Ook was hij onder behandeling van een psycholoog geweest.
"Niet dat ik ze niet op een rijtje heb, maar op zeker moment was ik nerveus. Ik kon niet slapen". Vraag mij niet hoe hij op dit punt belandde, maar het was vroeg in zijn verhaal.
Hij was niet godsdienstig. Hij respecteerde echter iedereen die wèl een geloof had. Zijn vrouw: "ik ben echt tégen godsdienst!" Zo hadden zij een kennis in Nieuw-Zeeland, die heel gelovig was. Een lief mens. Om haar een lol te doen gingen ze tóch met haar naar de kerk.
Geweldig land trouwens, Nieuw-Zeeland. Ze hebben er een ontspannen tempo van leven. Overal tijd voor. Zaten ze in op zeker moment ergens midden op het Noord-eiland; moest iemand wat voor hen ophalen in Auckland (zijn vrouw: "Wellington!"). Vierhonderd kilometer heen-en-terug. Doen ze gewoon. Ja, nu hebben ze het hier over die anticonceptiepil die ook helpt tegen pukkels en die niet deugt. Zou in Nieuw Zeeland niet gebeurd zijn. Ze zijn heel ver met voedsel- en warenveiligheid.
Hoelang ze deze winkel al hadden? Een jaar of vier ongeveer. Vroeger hadden ze een winkel in de buitenwijken, maar daar waren ze uitgebonjourd toen één of andere winkelketen hun ruimte nodig had. De huurprijs werd zover verhoogd, dat ze hun biezen wel moésten pakken. Ja, die makelaar is dezelfde schooier die hier de Drievriendenhof beheert.
"Ratten zijn het!"

"O, u dacht dat u bij de fotograaf hiernaast was? Nou daar mist u niks aan, hoor. Hebben we al de nodige klachten over gehoord. Was ook aan de drank. Zielige man."
Ze waren allebei al een eindje in de zeventig. De fotograaf bewoog zich wat moeizaam. Hij kampte met de naweeën van een verbrijzelde knieschijf.
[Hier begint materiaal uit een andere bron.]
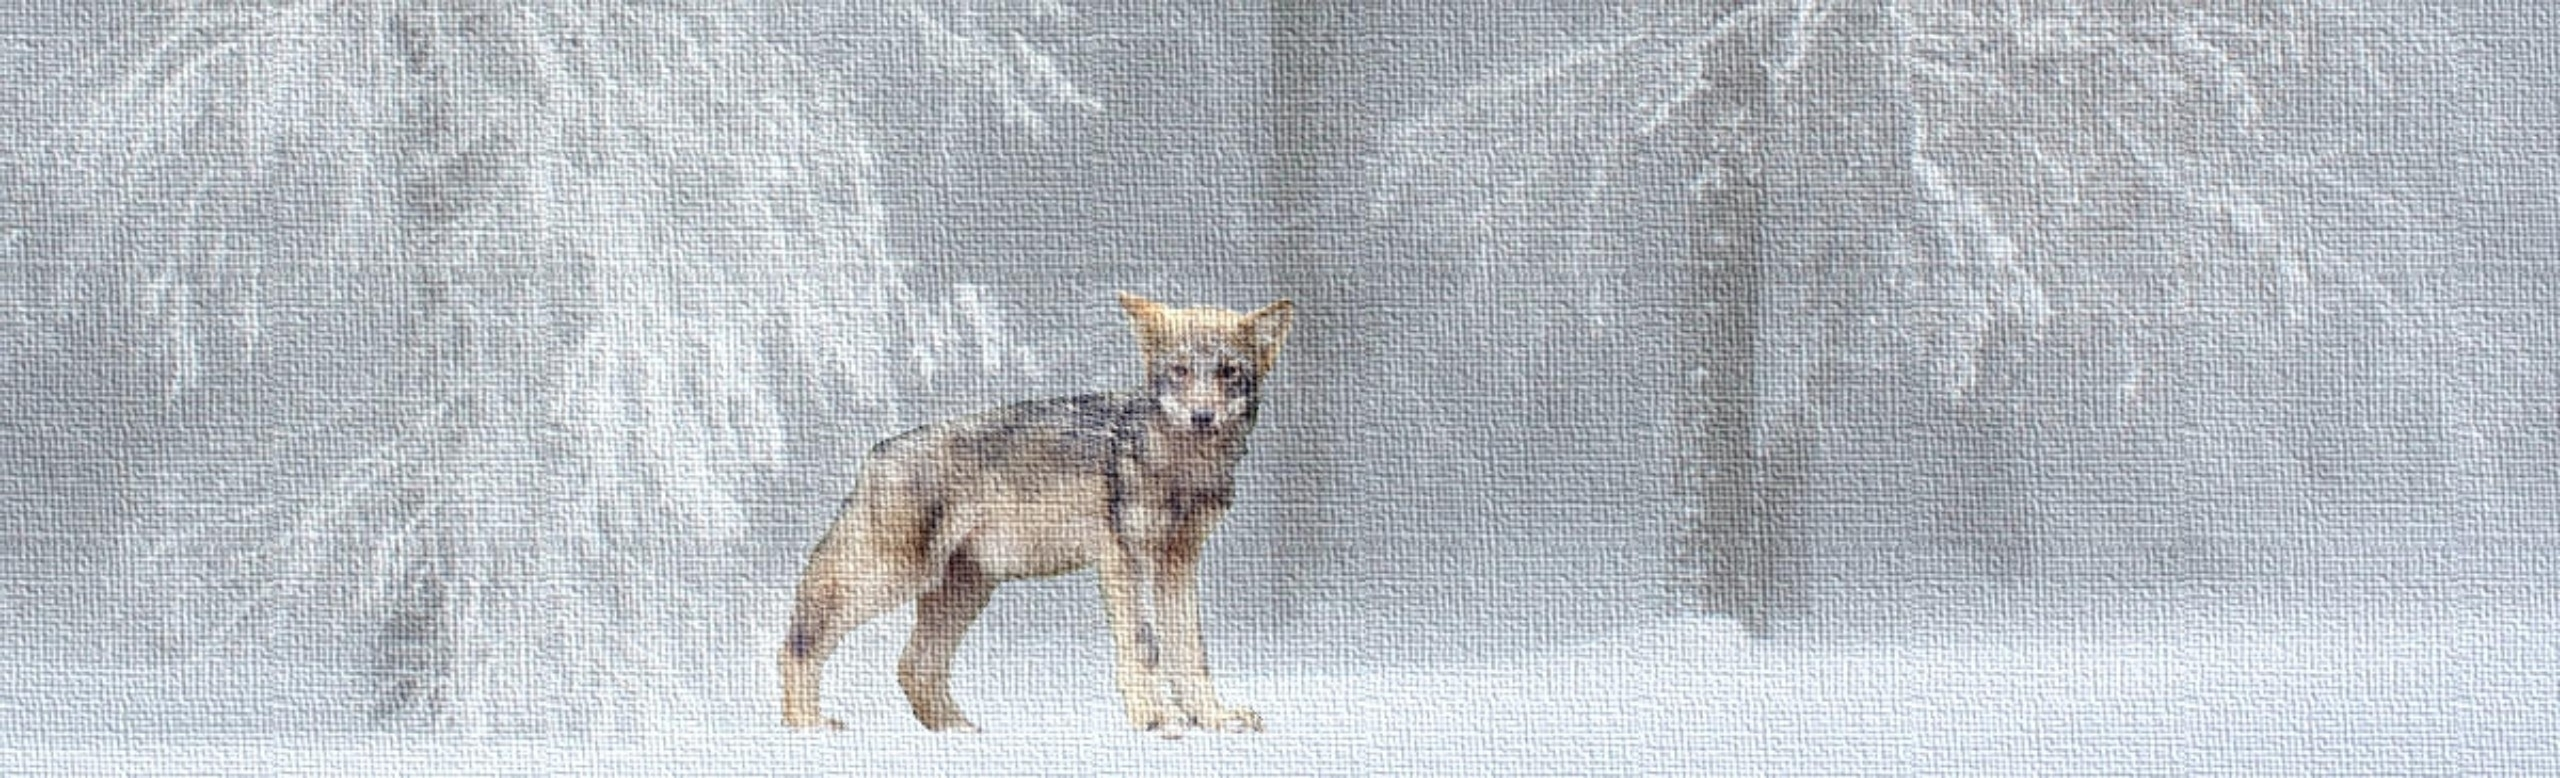 Peuple Loup (@peupleloup) Cover Image
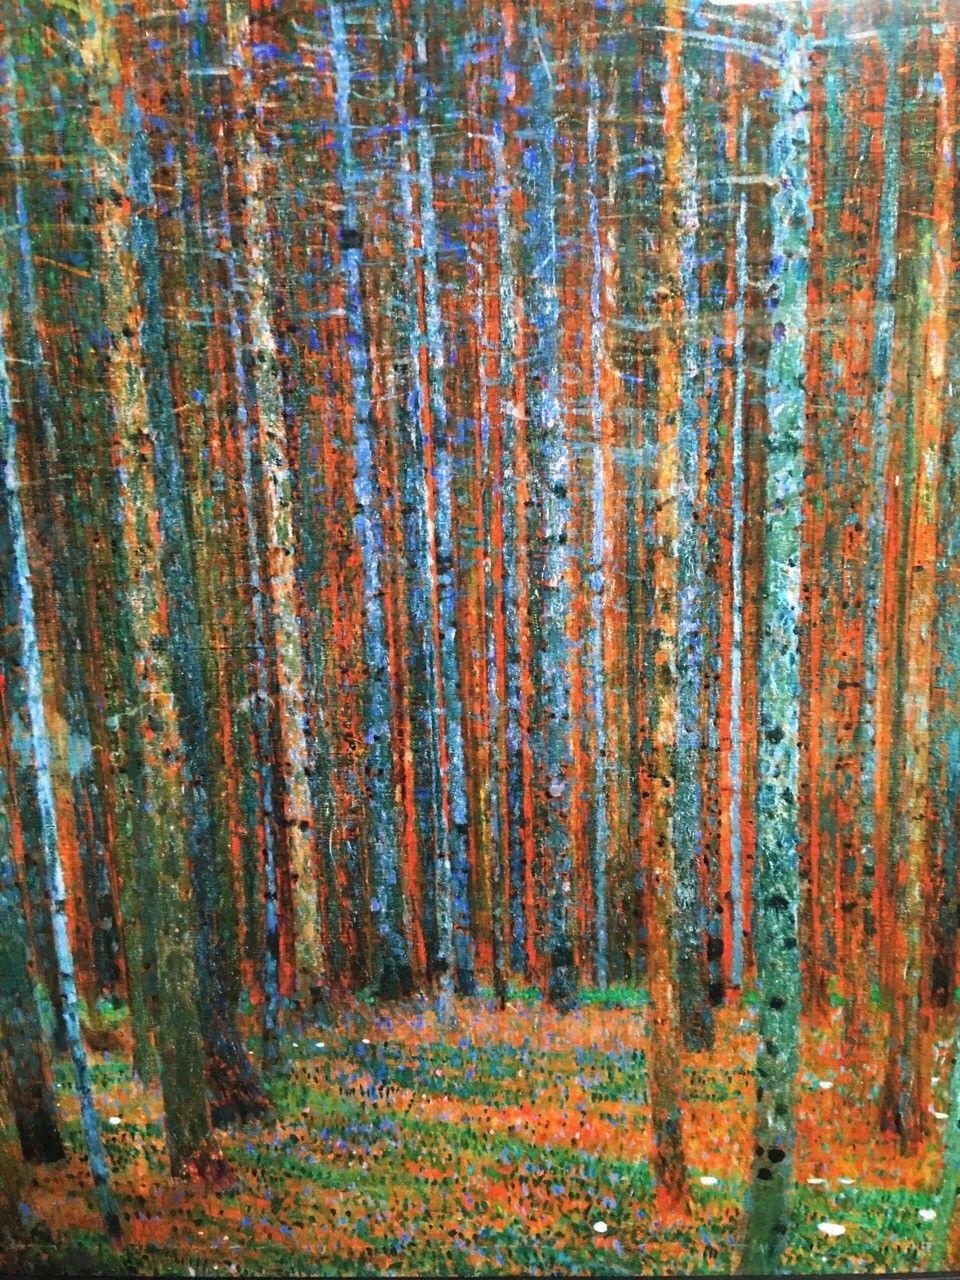 Gustav Klimt Tannenwald (Pine Forest), 1902 med ramme - Oslo  - Gustav Klimt Tannenwald (Pine Forest), 1902   Vare # : 2586049 kjøpt på Allposters.com Rammelist: Hampton Black Wide Glass: Acrylic: Clear Giclee trykk Endelig størrelse: *65,7cmx67cm  Kjøpt på allposters. Med innrammi - Oslo

"Je kan zonder, maar vraag niet hoe!"
"Een ongeluk?", vroeg ik.
"Gevallen met de motorfiets".

Ondertussen ging het maken en afdrukken van de foto's gewoon door. Ze zagen er prima uit. Voor zover dat mogelijk is, met mij erop; het leek wel of ik ondertussen ècht achtenvijftig was.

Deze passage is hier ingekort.